1) Suppose you have $100,000 to invest in a PORTFOLIO OF TWO stocks: Stock A and Stock B. Your analysis of the two stocks led to the following risk -return statistics:
Expected Annual Return | Beta | Standard Deviation | |
A | 18% | 1.4 | 25% |
B | 12% | 0.6 | 16% |
The expected return on the market portfolio is 7% and the risk free rate is 1%. You want to create a portfolio with NO MARKET RISK.
a) How much (IN DOLLARS) should you invest IN EACH OF THE TWO STOCKS in order to achieve your goal?
b) What is the expected return of this portfolio?
2) Stocks A and B are currently selling for $75 and $42, respectively.

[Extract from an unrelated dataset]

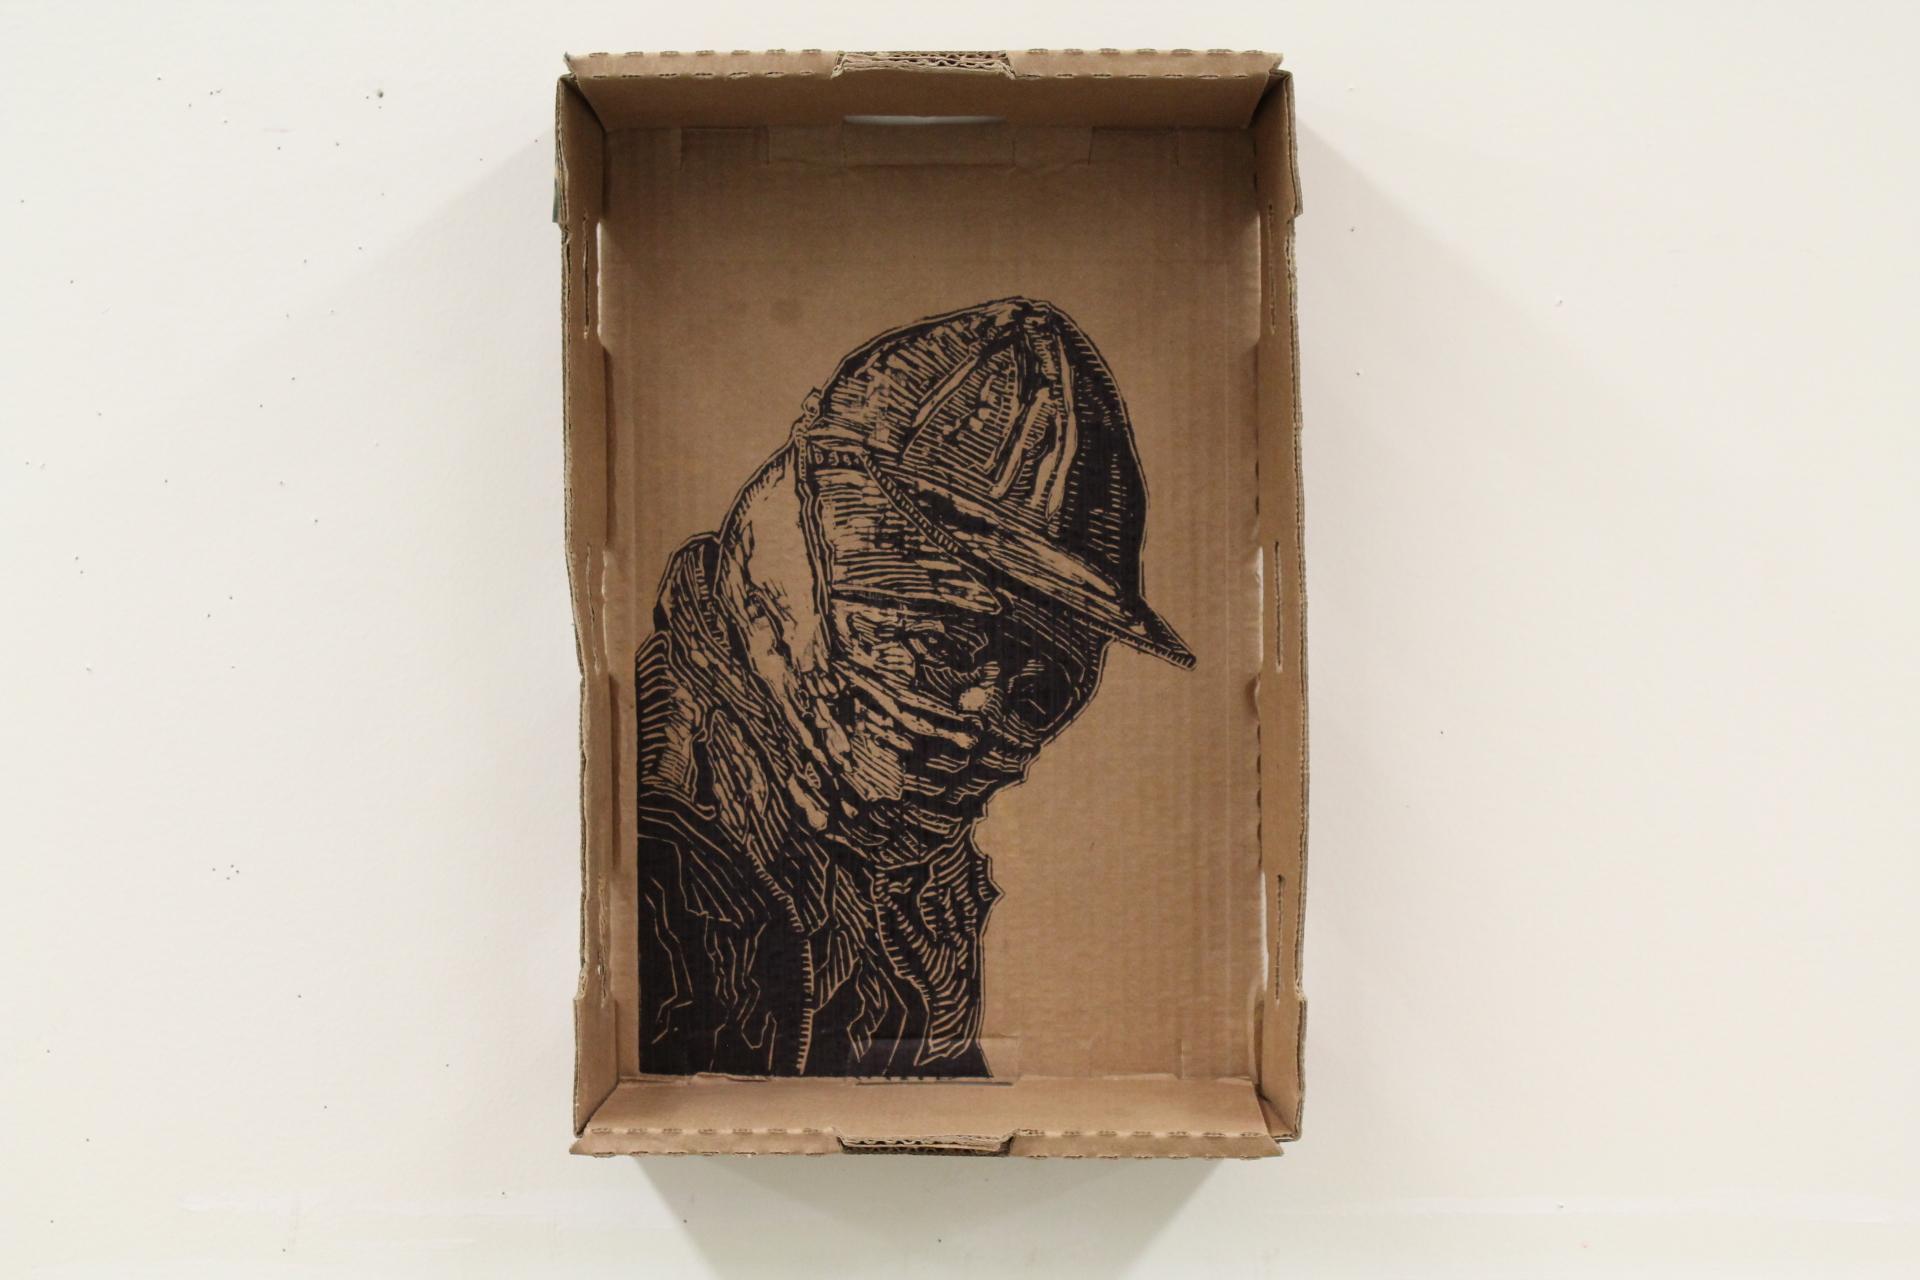 Boxed VI, 2016

Assume the expected return and the standard deviation of the market portfolio is 10% and 12%, respectively and the risk-free rate is 0.5%. The standard deviation for A and B are 18% and 14%, respectively; and the correlation of each stock with the market portfolio is 0.35 and 0.65. Suppose that you estimate a year-end target price of $78 and $46 for these stocks (NO DIVIDENDS ARE EXPECTED). Using CAPM as a benchmark, calculate the alpha for each stock and state whether the stocks are underpriced or overpriced.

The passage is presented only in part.